Characters of WW1 - Frank Brock
- Shaun Lewis
- 5 days ago
- 2 min read
CHARACTERS OF WW1
One of the more interesting characters I had to research for my latest WW1 novel, The Suicide Club, was Frank Brock. Brock was a director of the famous, family firework manufacturing company, C T Brock and Company. Forever interested in chemistry and explosives, he is reported to have blown up a stove in an experiment at his school, Dulwich College.
On the outbreak of WW1, he initially joined the Royal Artillery, but within a month was personally poached by Churchill, the First Lord of the Admiralty, to join the Royal Naval Volunteer Reserve. Very soon, he was transferred to the Royal Naval Air Service and engaged on the planning staff for the RNAS’s raid on Friedrichshafen. I describe this thrilling raid in an earlier novel, The Wings of the Wind. Brock and another officer used false passports to enter Switzerland and then row across Lake Constance to southern Germany to spy on the Zeppelin base. Later, Brock was to become a member of the Admiralty Board of Invention and Research. There he invented the Brock Bullet, a type of incendiary bullet that allowed the RNAS and Royal Flying Corps to shoot down the Zeppelins over London. Promoted to Wing Commander in the RNAS, he founded and commanded the Royal Navy Experimental Station at Stratford. It was in this role that he enters my tale, The Suicide Club.
The Commander-in-Chief at Dover was frustrated that German U-boats were passing through the barrage of anti-submarine nets across the Channel by surfacing at night and sailing over them. The admiral invited Brock to invent some form of illumination to be used by the vessels guarding the barrage. From it came the highly successful and pwerful Dover Flares of one million candela and later deployed by the RAF Pathfinders during WW2. The C-in-C, Roger Keyes, later claimed that the flares led directly to the destruction of thirteen German submarines.

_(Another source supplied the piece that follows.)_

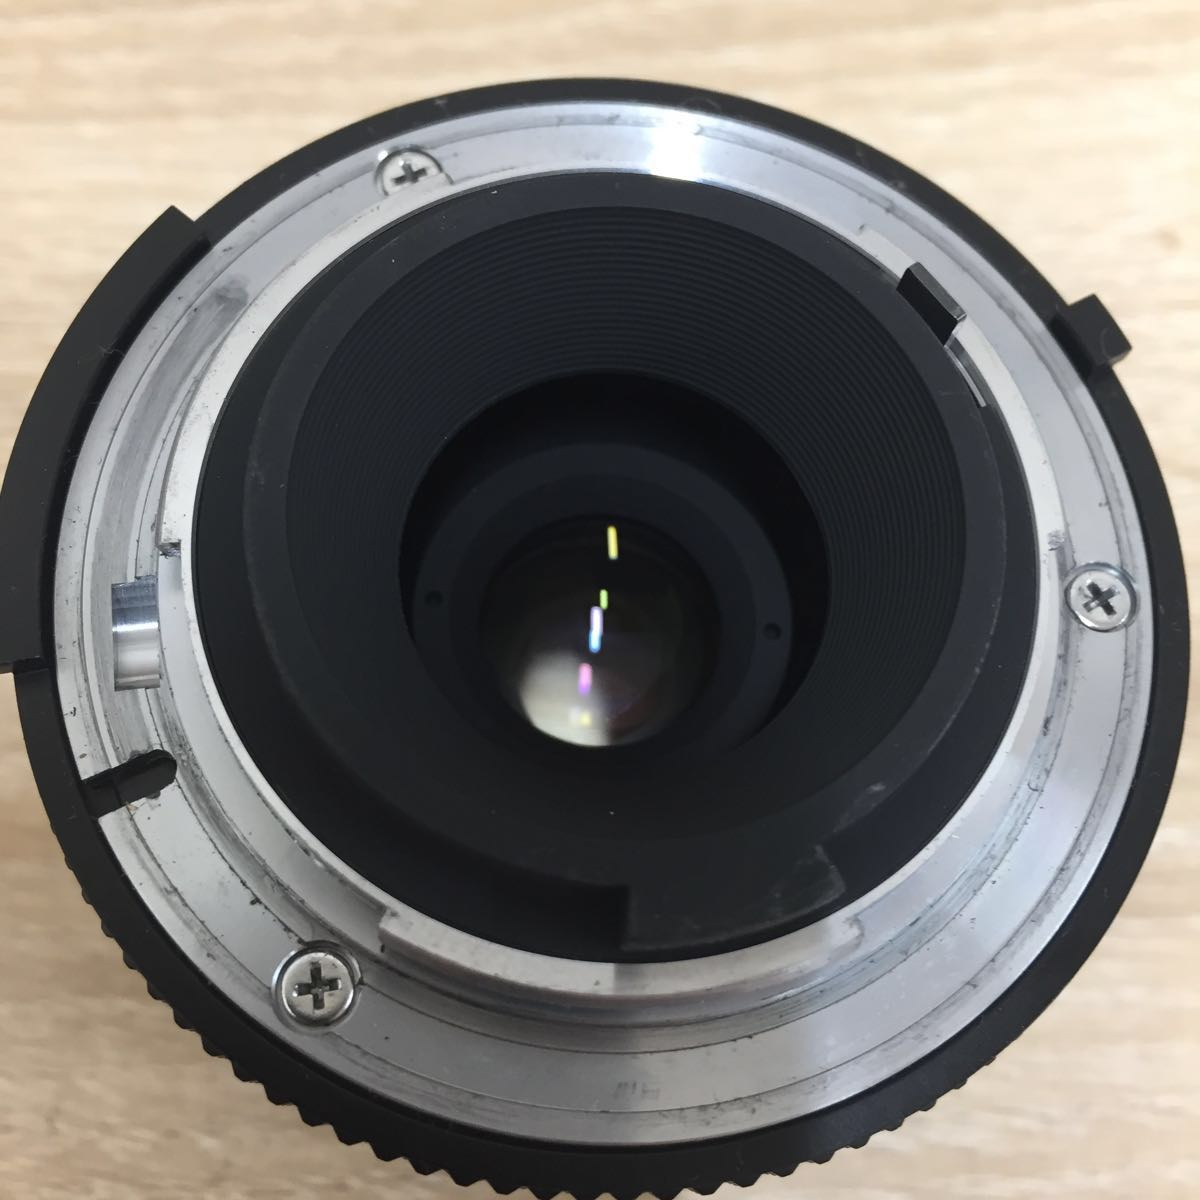 カメラ ④ Nikon ニコン FM2 N 8757411 Zoom-NIKKOR 35-70mm 1:3.3-4.5_画像3

Impressed by their success, he then asked Brock to help with a plan he was drawing up to launch a raid on the German-held ports of Zeebrugge and Ostend. In order to maintain secrecy until the last minutes of the assault, the Royal Navy needed a new form of smoke screen. I describe the raid on Zeebrugge in my novel and, also, how Brock persuaded his superiors not only to allow him to be on the raid, but to go ashore in pursuit of a new form of sound direction system the Germans were rumoured to have invented. Armed with a revolver and cutlass, Brock was one of the storming party on the mole at Zeebrugge. He is reputed to have become involved in a sword fight with a German before he was killed. His courage was typical of that shown on the raid. Only the battle at Rorke’s Drift led to the award of more Victoria Crosses. I commend to you, not just my gripping thriller, The Suicide Club, but the fascinating biography of Brock, Gunpowder and Glory.